Вот и дотянулся безликий, серый караван людей до остановки. Дырявая крыша сарая – укрытие от мелкого, косого осеннего дождя.
– Сядай тут, – скомандовал старший из конвоиров. Вокруг – то ли поляна, то ли стадион, обнесенный высокой оградой, поверх которой накручена колючая проволока. Сквозь щели в заборе опять мелькают любопытные мальчишеские глаза. Но на забор не влезешь – боязно, да и колется. От голода, усталости ноги едва держат их. Повалились, кто где стоял. Закутавшись в брезентовые плащ-палатки, конвоиры заняли свои посты вокруг стадиона на вышках. Даже пулемет взгромоздили. Полковник вермахта, случайный сосед Эриха, вдруг побледнев, схватился за сердце.
– Что с вами? Вам плохо? – Эрих склонился над ним. Потом вскочив, знаком позвал конвоира. Высокий, плечистый детина в надвинутом на глаза капюшоне, с автоматом наперевес, подошел неохотно, вразвалочку.
– Ну, чаво надо-то? – гаркнул, ткнув Эриха дулом автомата в грудь.
– Лекарство нужно, – Эрих сказал по-немецки и, отдавая себе отчет, что конвоир вряд ли уразумеет, что требуется, указал на лежащего ничком полковника.

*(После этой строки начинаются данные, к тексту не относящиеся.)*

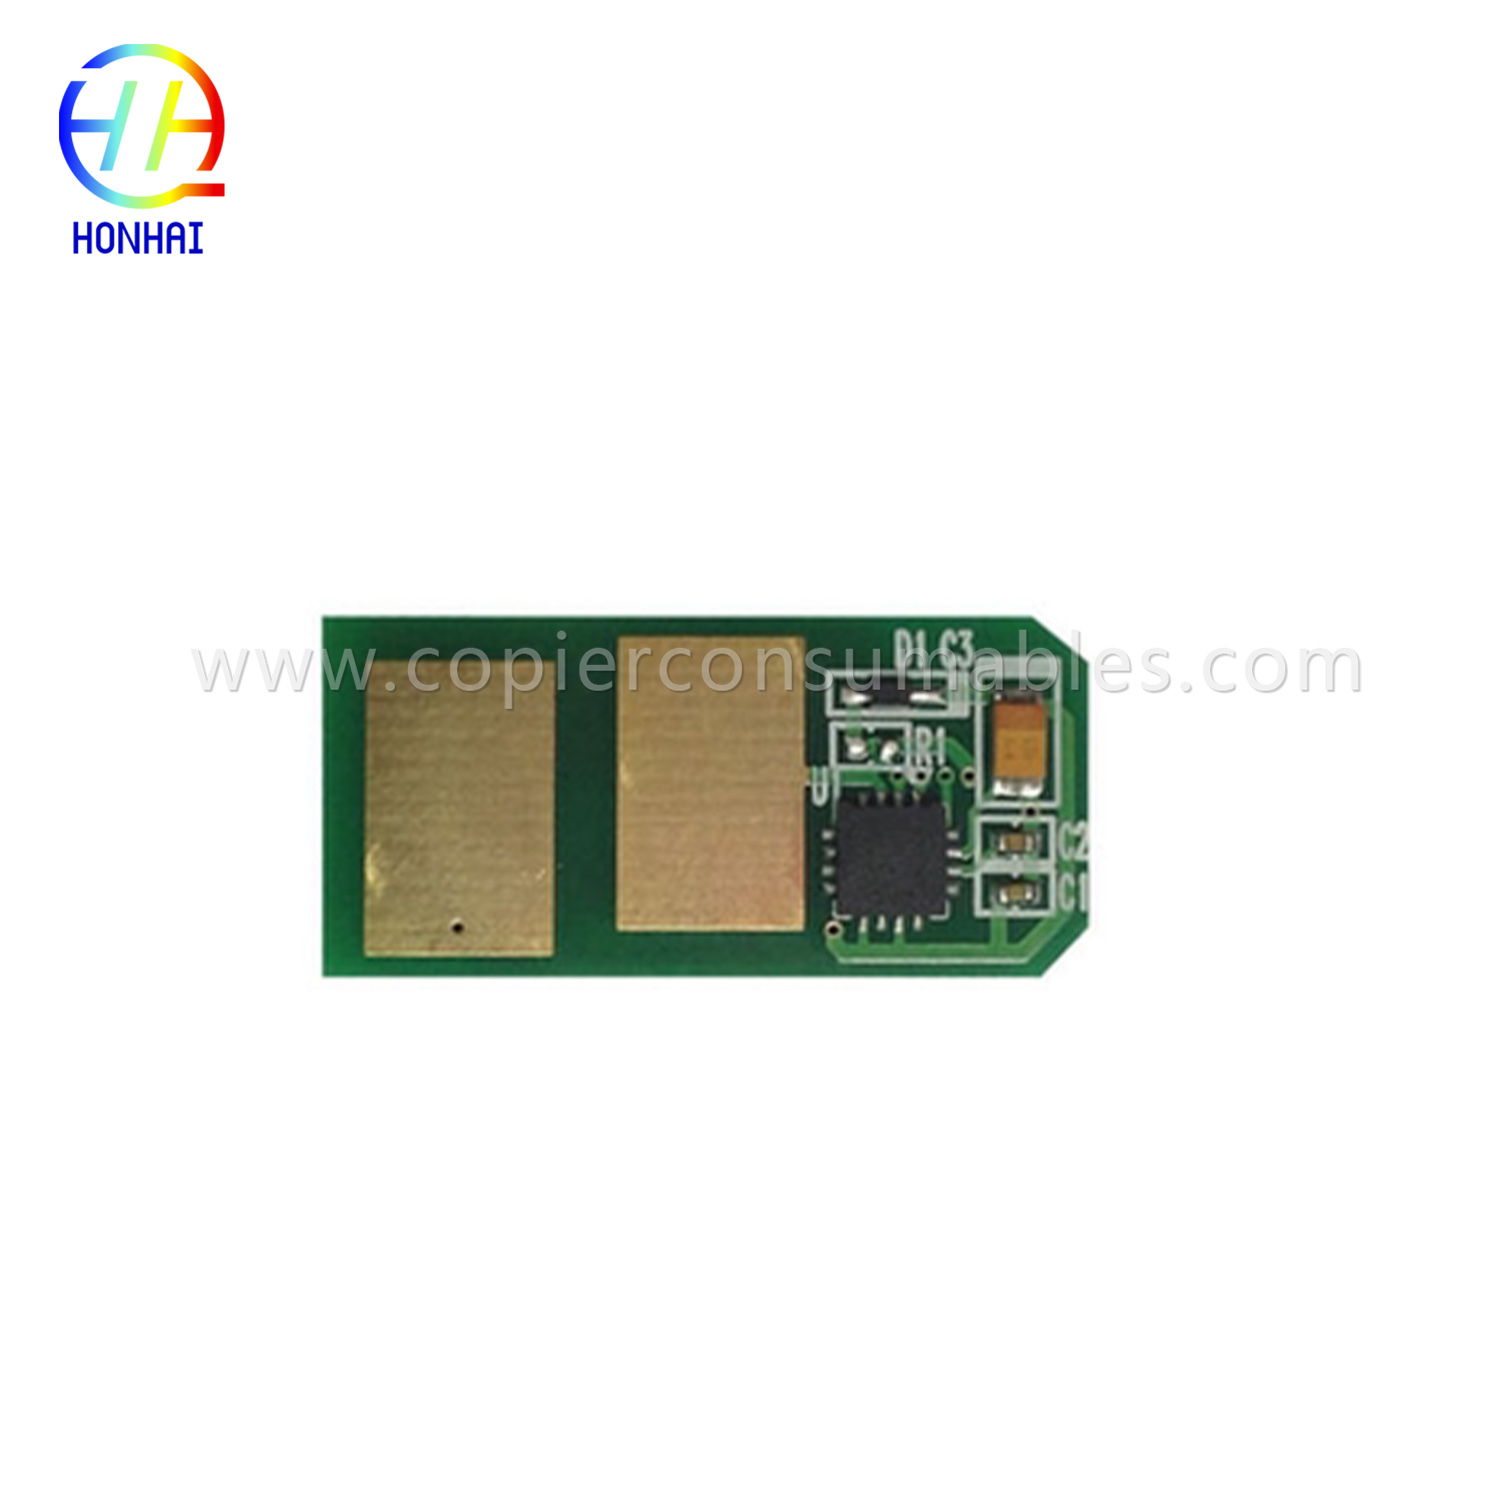 Toner cartridge Chip for Oki C301 C321 1.5K 拷贝
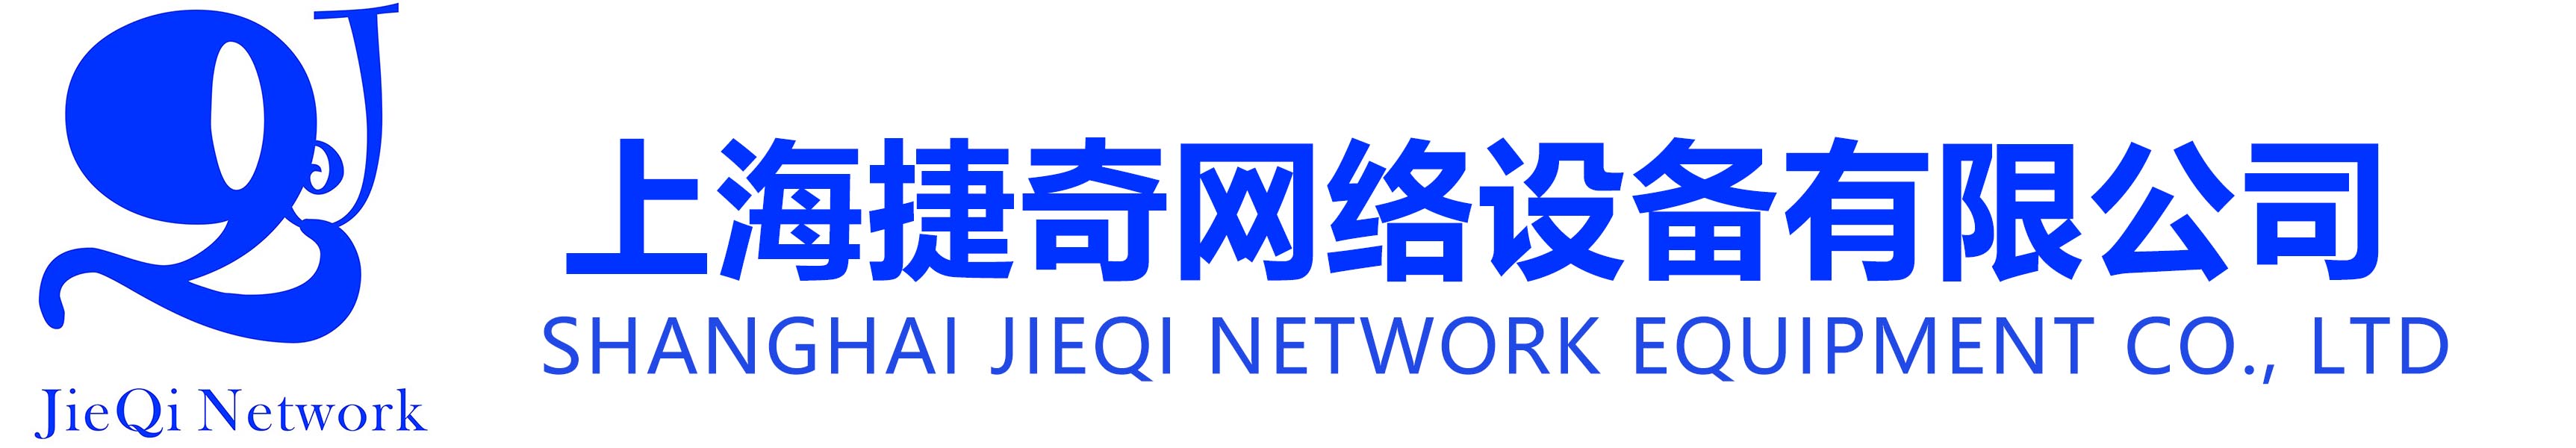 上海捷奇网络设备有限公司

– Лекарство, врач, – повторил он.
– Медицин что ли? – проворчал детина, коверкая немецкие слова, – вам что тут, поликлиника или санаторий, фрицы? Нет медицин. Нихт. Ферштейн? – и сердито ударил полковника прикладом автомата в бок, – мне только одна морока.
Затем громко икнул, развернулся и уже направился прочь. Но не тут-то было. Эрих схватил его за рукав и с силой рванул к себе:
– Веди врача, сволочь, – проговорил негромко, веско, разделяя слова. Плевать, что по-немецки. Поймет. Они все понимают, только делать не хотят. По выражению лица поймет.